Personal information
- Full name: Frederick Keeping
- Born: 11 August 1867 Pennington, England
- Died: 21 February 1950 (aged 82) Lymington, England

Team information
- Discipline: Road
- Role: Rider

Medal record
Representing Great Britain
Men's track cycling
Olympic Games
| Silver medal – second place | 1896 Athens | 12 hour race |

= Frederick Keeping =

British racing cyclist (1867–1950)

Frederick Keeping (11 August 1867 - 21 February 1950) was a British racing cyclist. He competed at the 1896 Summer Olympics in Athens.
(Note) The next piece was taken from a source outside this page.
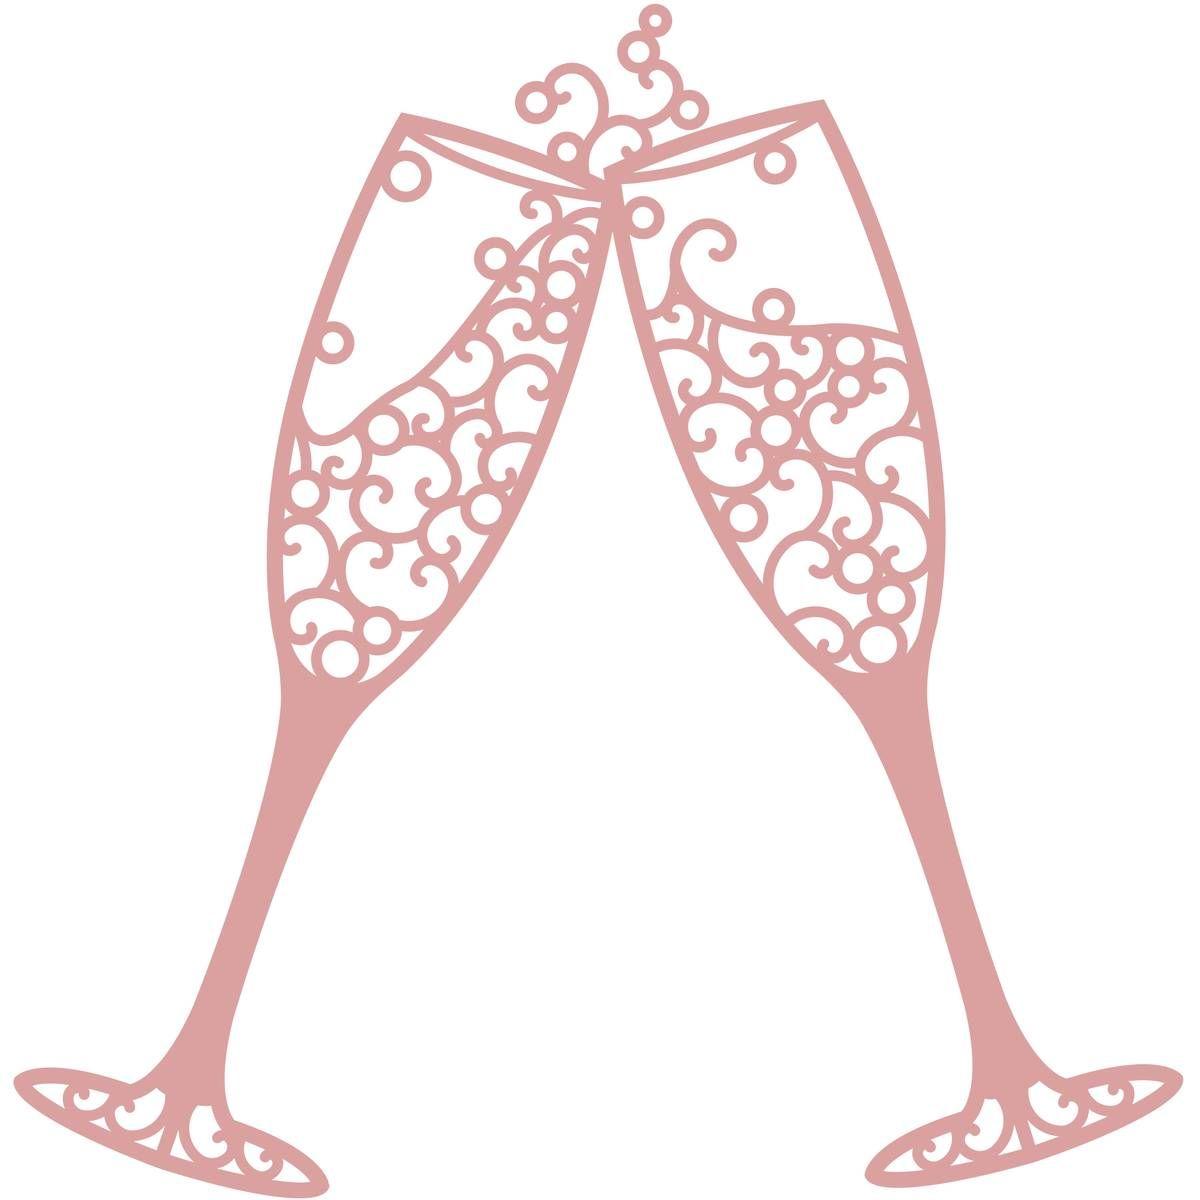 Intricut Champagne Glasses Die 11.1cm x 10.9cm.

Keeping competed in the 333 metres and 12 hours races. In the 12 hours race, Keeping was one of only two cyclists to finish, covering 314.664 kilometres. He was only one lap behind the winner, Adolf Schmal, who covered 314.997 kilometres. Keeping tied with two others for fifth place in the 333m, with 27.0 seconds.

==Amateurism protests==
He kept working as a servant at the British Embassy in Greece. There were objections that he and another rider, Edward Battell, worked for a living. That made them "not gentlemen so they could not possibly be amateurs." The historian Mike Price said: "Gentlemen were not paid so were true amateurs. Servants had to be paid and so lost any claims to being amateur. Such was the attitude of the day". The protests were overruled.

==Olympic 12-hour race==
Six riders started the 12-hour race at 5am, four of them from Greece, and just two finished, "in total distress".

Richard D. Mandell, in his book The First Modern Olympics, wrote: "Neither had eaten and had only sipped liquid. They were squalid from excreta and delirious from fatigue... their legs swollen gruesomely... both could be heard weeping."

Adolf Schmal of Austria completed 900 laps of the velodrome to finish one lap ahead of Keeping. Rain and wind meant there were few spectators and those that were there lost interest because the race was "a monotonous sight."

==Later life==
After returning home to Hampshire, he opened a cycle shop in Milford on Sea, and later garages in New Milton and Lymington. He served as a member of Lymington District Council and Hampshire County Council.

==Family==
His son was Michael Keeping, who played football for Southampton and Fulham and became manager of Real Madrid in Spain.